This cycle can be repeated for each desired job and these subsections may be executed in bulk; first by constructing all the desired jobs, then submitting them, and finally retrieving their result, all under the limitation of the workq depth and the queue size.

5.2.1. Constructing and Executing DOCA RDMA Operation

To begin an RDMA operation, enqueue an RDMA job on the previously created work queue object:

  1. Create the DOCA RDMA job struct that contains the relevant job details. For further information about the different jobs and how to fill the job struct, refer to DOCA RDMA Job Structures.

  2. Call doca_workq_submit() to submit the RDMA operation.

5.2.2. Waiting for Job Completion

To retrieve an RDMA operation result using doca_workq_progress_retrieve(), the user must provide a doca_event structure. This structure should point to an allocated doca_rdma_result struct in its result.ptr field.

It is the user's responsibility to allocate and manage the doca_event structure as well as the doca_rdma_result. Code example for result preparation and retrieval:

Copy
Copied!
            

struct doca_event event = {0}; struct doca_rdma_result rdma_result; memset(&rdma_result, 0, sizeof(rdma_result)); event.result.ptr = (void *)(&rdma_result); doca_workq_progress_retrieve(workq, &event, DOCA_WORKQ_RETRIEVE_FLAGS_NONE);


According to the workq mode, users may detect when the RDMA operation has been completed (via doca_workq_progress_retrieve()):

  • Workq operating in polling mode – periodically poll the workq until the API call indicates that a valid event has been received (i.e., DOCA_SUCCESS returned).
  • Workq operating in event mode – while doca_workq_progress_retrieve() does not return success as a result, perform the following loop:
    1. Arm the workq doca_workq_event_handle_arm().
    2. Wait for an event using the event handle (e.g., using epoll_wait()).
    3. Once the thread wakes up, call doca_workq_event_handle_clear().

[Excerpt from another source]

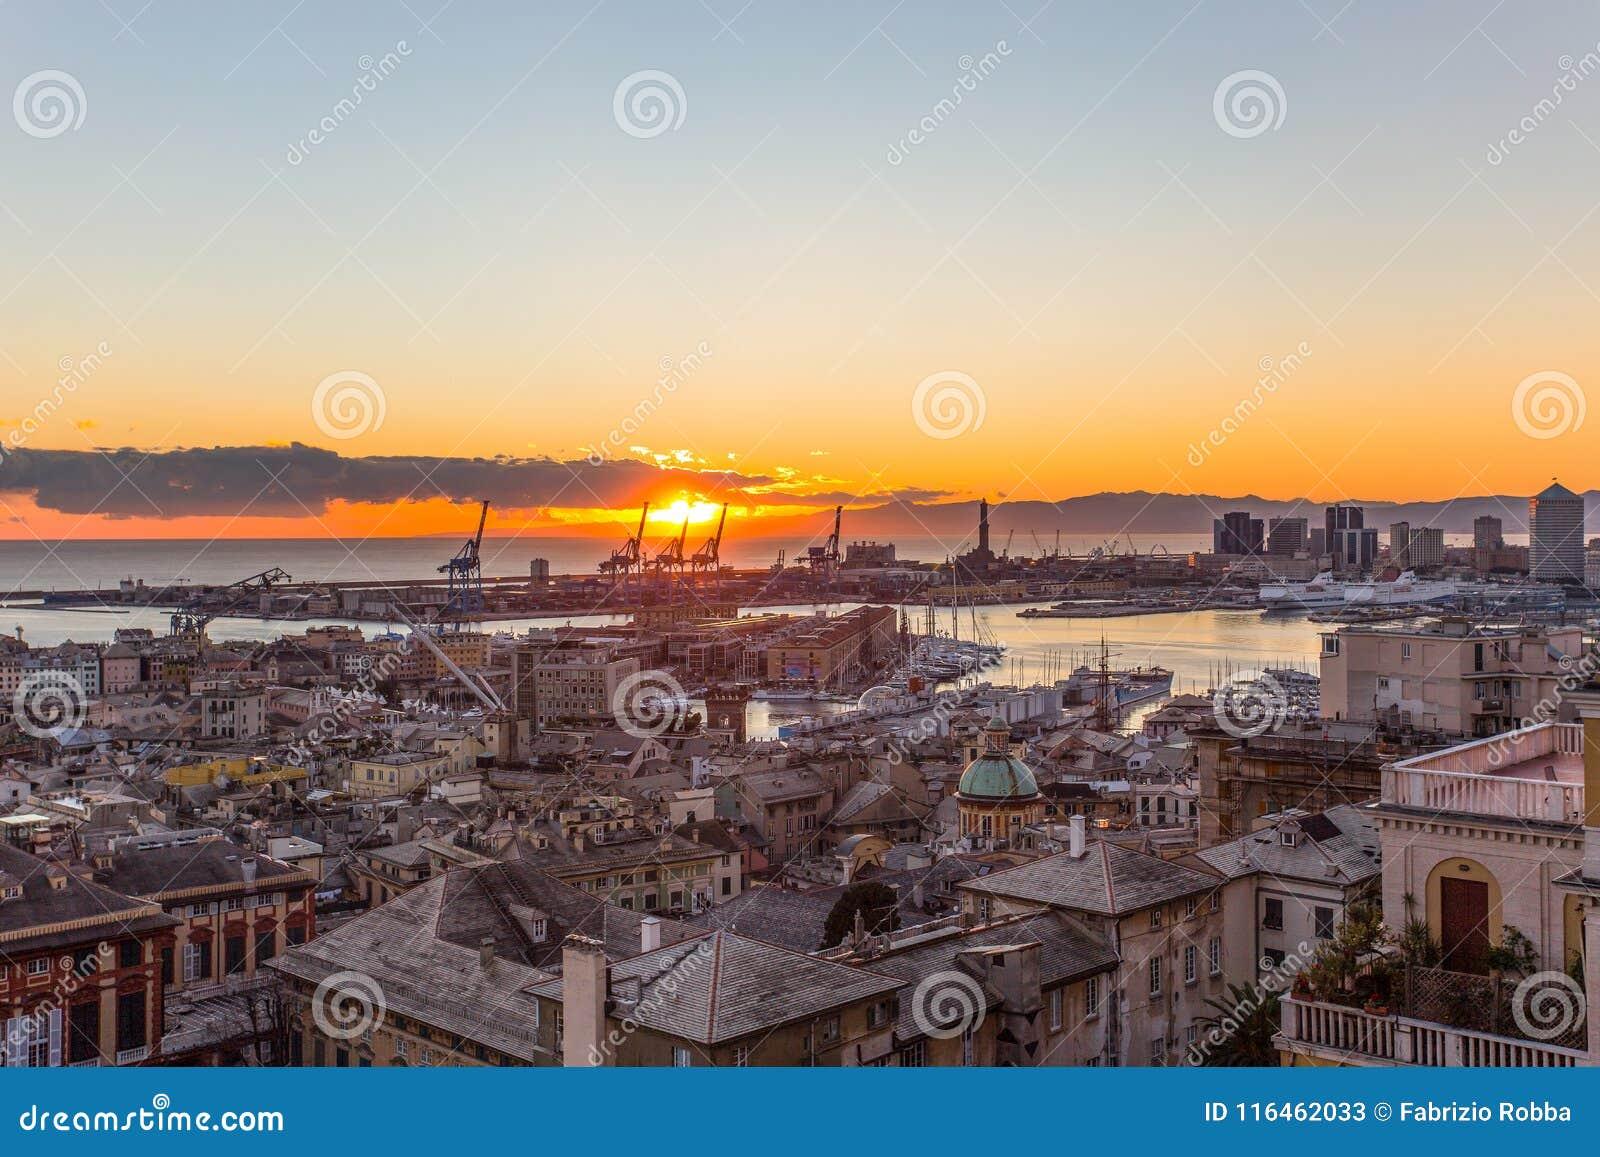 Sunset view of the city of Genoa, Italy/ Genoa landscape/ Genoa Skyline/ city landscape/ aereal view/ light/ city light/ orange/ s

Regardless of the operating mode, once the event is successfully retrieved, the result of the operation can be read in the provided rdma_result structure. For further information about the fields of the result structure, refer to DOCA RDMA Job Result Structure.

For some of the operations, the buffer's data length field may be updated according to the written data. For further information, refer to DOCA RDMA Job Structures.

5.2.3. Error Handling

If any RDMA job fails to run, and its result is returned with an error status, the RDMA instance itself moves to an error state (DOCA_RDMA_STATE_ERROR). Once in error state, no more jobs can be submitted until an error recovery flow is performed.

To recover an RDMA instance from the error state, the context must be stopped using doca_ctx_stop(), restarted using doca_ctx_start(), and connected again as explained under Setting up and Initializing DOCA RDMA Context, including exporting the connection information and passing it between the peers.

5.3. Clean-up

This section describes the necessary steps to release all the resources allocated for executing RDMA operations.

The order in which the following subsections are presented is non-biding. The user may perform whichever clean up process suits their needs best.

5.3.1. Buffer and Buffer Inventory

  1. Destroy all the buffers created during the run using doca_buf_refcount_rm() regardless of whether the operation is successful or not.
  2. Only after all the buffers from the inventory are destroyed, destroy the buffer inventory using doca_buf_inventory_destroy().

5.3.2. Memory Map

Both the memory map set with a local memory range and the memory map set with a remote memory range (remote MMAP), if created, must be destroyed using doca_mmap_destroy().

5.3.3. WorkQ

  1. Remove the workq from the RDMA context using doca_ctx_workq_rm(). If the workq has been set to event-driven mode, do not forget to clean up any resources created (apart from DOCA resources) to support wait-for-event.
  2. Destroy the workq with doca_workq_destroy().

5.3.4. DOCA RDMA Context

  1. Stop the context using doca_ctx_stop() .
  2. Destroy the context using doca_rdma_destroy().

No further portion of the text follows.